Monitors will be stationed at either end of the gallery, displaying talking-head videos documenting the responses of a group of artists, academics and activists to a given word; on one screen the subjects will be sharing memories, insights and emotions connected to “awe” and, on the other, “compassion.” But the aircraft and the rawhide faces have one additional element that is absent in the relationship of the videos. There is no parallel to the assemblage of lumber and fur inside the tower. The odd pile expresses the indigestible remainder of commerce and militarism, but the viewer is left to imagine what irrational leftover might supplement the reasoned discourse of the reflective intellectual interviewees.
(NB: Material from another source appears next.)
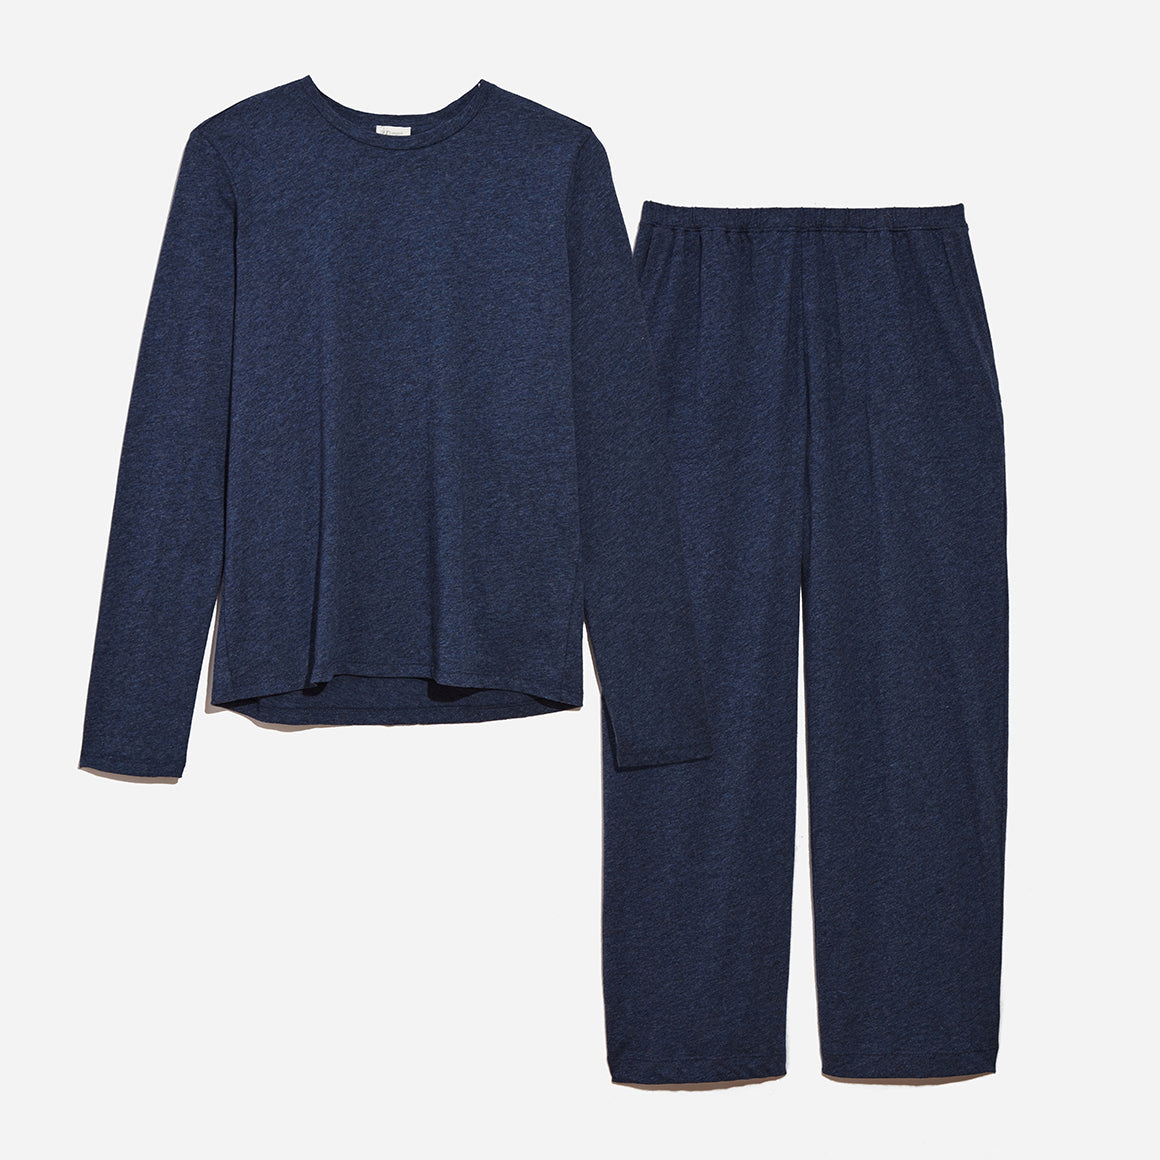 Image #1: Long sleeve crewneck top and pant loungewear set in midnight colorway. Shot against light grey background.

The imbalance between the two parts of the installation reminds me of the invisible barriers that Pentecost identifies as shutting the majority of people off from powerful knowledge embedded in professionalized discourses and advanced technology. “We are in an asymmetrical relationship to the forces we’re trying to remake,” she said. While engineering and science offer many people easier lives and greater autonomy, “the ‘humanities’ are where we discuss the meaning, the value. And I think there’s a real problem there, in that bifurcation, in that whole division of labor.” And this labor is tangible. On April 16 she helped host representatives of the Madison-based Family Farm Defenders, part of the international small-scale farmers group Via Campesino, who did a presentation on their work at Mess Hall; Pentecost told me, in regard to farming, “All over the world there’s been so much contestation; it hasn’t been a smooth ride for the corporations.”
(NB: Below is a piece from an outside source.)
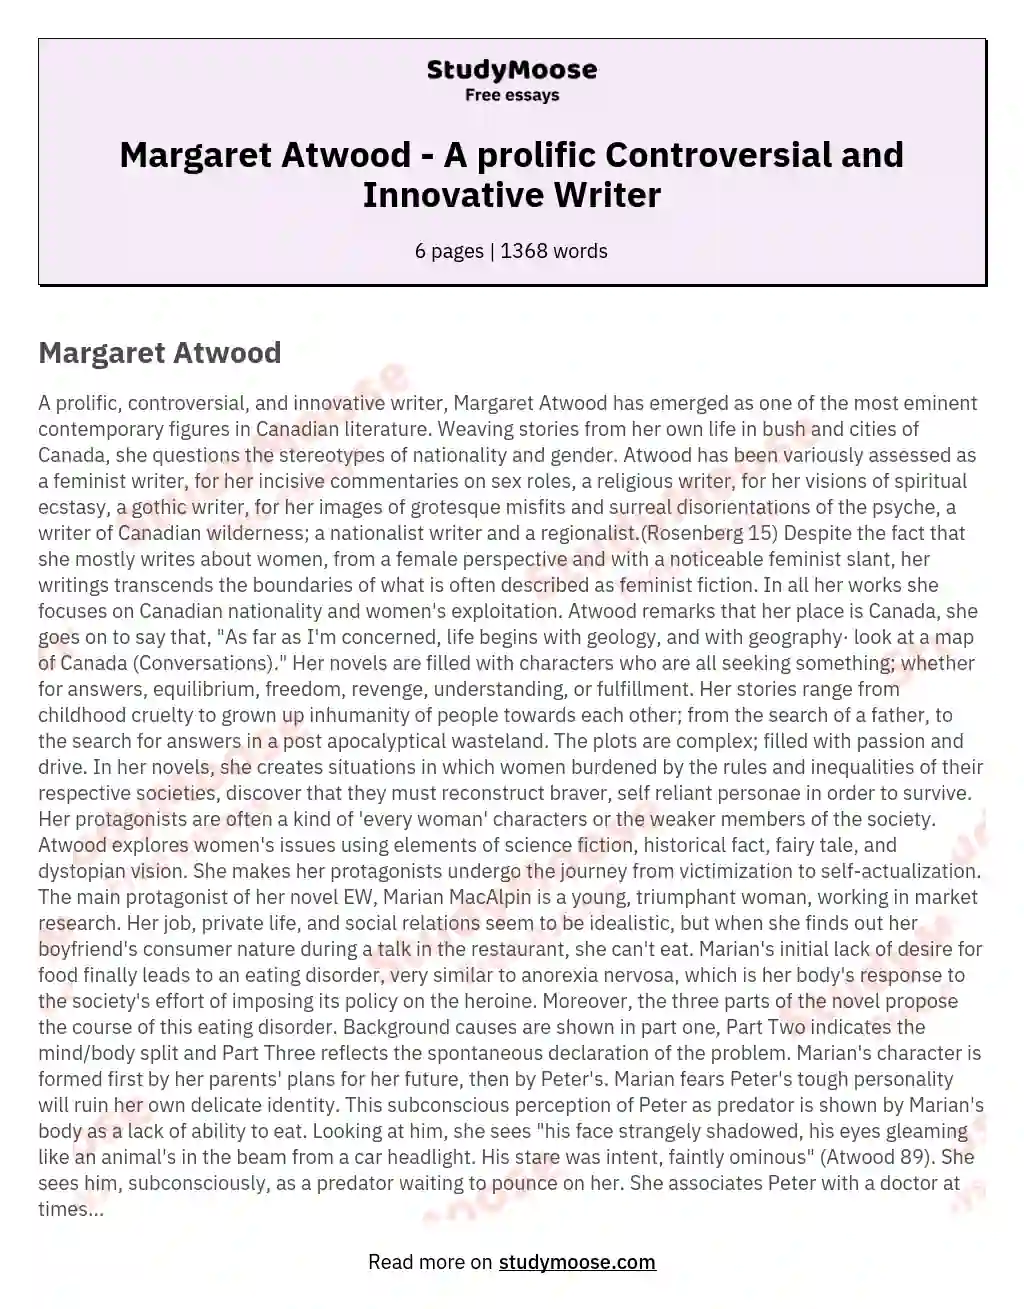 Margaret Atwood - A prolific Controversial and Innovative Writer essay

Similarly issue-driven, her presentation on May 6 will use a variety of media to spark thought and discussion around the use of military drones. These sorts of provocative educational situations seem to express less a utopian dream, as Bret Schneider would have it, than a belief in contemporary popular resistance as a reason to make art. Instead of pursuing monolithic models of aesthetic endeavor and political organizing, perhaps, as Pentecost says, “we all need to be able to do things that structure our contribution in a way that reflects who we are.” There may be idealism here, and scaled-back, non-revolutionary standards of gradual political efficacy. But in the wake of a century of unparalleled bloodletting and consolidation of power in the Modernist era, the most dangerous failure may indeed be nostalgia.
Claire Pentecost shows at Threewalls, 119 N. Peoria, April 23 through May 22.